Help on defining function for ODE solver

Newbie here. I am trying to write ODE function with vector calculation in it. And I started with very basic examples. I tried one with expression definition and another with function definition. What puzzles me is that they show different outputs. The function definition won’t show any change of output. I am attaching the code and results below.

Thanks in advance!
Wenzhe

using DifferentialEquations

function g!(dx,x,p,t)
A = p
dx = A*x
return dx
end

A=rand(2,2)
u=rand(2,1)
g(x,p,t)=A*x

prob=ODEProblem(g,u,(0.0,10.0),A)
sol=solve(prob)
println(sol)

prob=ODEProblem(g!,u,(0.0,10.0),A)
sol1=solve(prob)
println(sol1)

Interpolation: Automatic order switching interpolation
t: [0.0, 0.08492876287055985, 0.2632053877829872, 0.4919846968605104, 0.7721098086852171, 1.1031553910836651, 1.4829484225702116, 1.9084842676628948, 2.3761019883528935, 2.8818659161037585, 3.421794538745908, 3.9920109522139495, 4.588871868243653, 5.209011997880401, 5.849382858303235, 6.507234484776225, 7.180174894155538, 7.866060691297262, 8.563041192451601, 9.269505209830445, 9.984062996135261, 10.0]
u: [[0.8361627424041629; 0.993017552066968], [0.9472638967939113; 1.1317511689403286], [1.2321309385945562; 1.4877445910570049], [1.7294965772234105; 2.1098827839335264], [2.624588873507298; 3.2304929303957604], [4.304689172194103; 5.335381705725871], [7.606080961094069; 9.473643810771797], [14.41076700026382; 18.006252708395813], [29.108715532142092; 36.44048598309004], [62.30095382851463; 78.07554925349324], [140.4172088030801; 176.0681524042761], [331.2930799027888; 415.51972984293917], [813.6860331122462; 1020.686041610875], [2069.8356283051935; 2596.548930391782], [5428.089957953568; 6809.555143923475], [14614.634122998978; 18334.299617345787], [40252.47734924911; 50497.620521076715], [113046.93821852087; 141820.12961063726], [322831.7508407441; 405000.5566720919], [935172.0435733753; 1.1731971853211848e6], [2.7421810613658247e6; 3.4401364540926614e6], [2.808777742759984e6; 3.523683703285686e6]]
retcode: Success
Interpolation: Automatic order switching interpolation
t: [0.0, 1.0e-6, 1.1e-5, 0.00011099999999999999, 0.0011109999999999998, 0.011110999999999996, 0.11111099999999996, 1.1111109999999995, 10.0]
u: [[0.8361627424041629; 0.993017552066968], [0.8361627424041629; 0.993017552066968], [0.8361627424041629; 0.993017552066968], [0.8361627424041629; 0.993017552066968], [0.8361627424041629; 0.993017552066968], [0.8361627424041629; 0.993017552066968], [0.8361627424041629; 0.993017552066968], [0.8361627424041629; 0.993017552066968], [0.8361627424041629; 0.993017552066968]]

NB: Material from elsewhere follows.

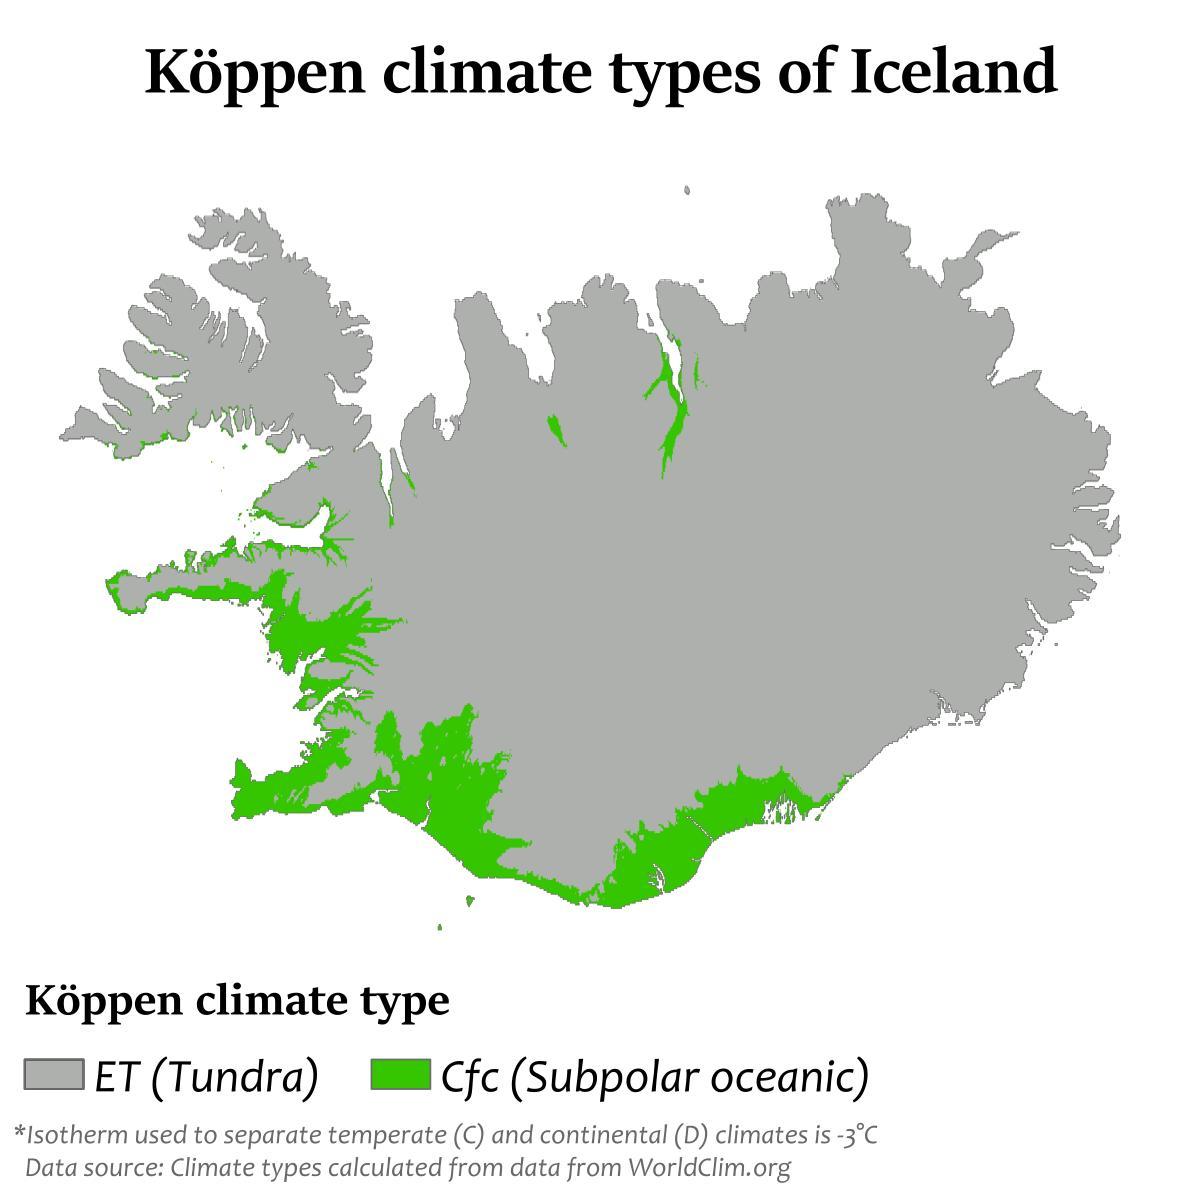 Mapa de temperatura de Islandia

This one is supposed to be a mutating function, so instead of creating a new vector it needs to modify dx, i.e.:

function g!(dx,x,p,t)
  A = p
  mul!(dx,A,x)
  return nothing
end

or the easier (but slower) way:

function g!(dx,x,p,t)
  A = p
  dx .= A*x
  return nothing
end

Notice how it can work when returning nothing: the output is ignored in the mutating form.

Your suggestion works! Thank you very much!

The key thing seems to be changing dx = Ax to dx.=Ax. Could you educate me a little bit about the difference between the two? Does the first one created a new variable?

Thanks

This tutorial probably will help in multiple ways: Optimizing DiffEq Code . It describes the in-place usage and how to write non-allocating code, and demonstrates mutation and .= as part of that.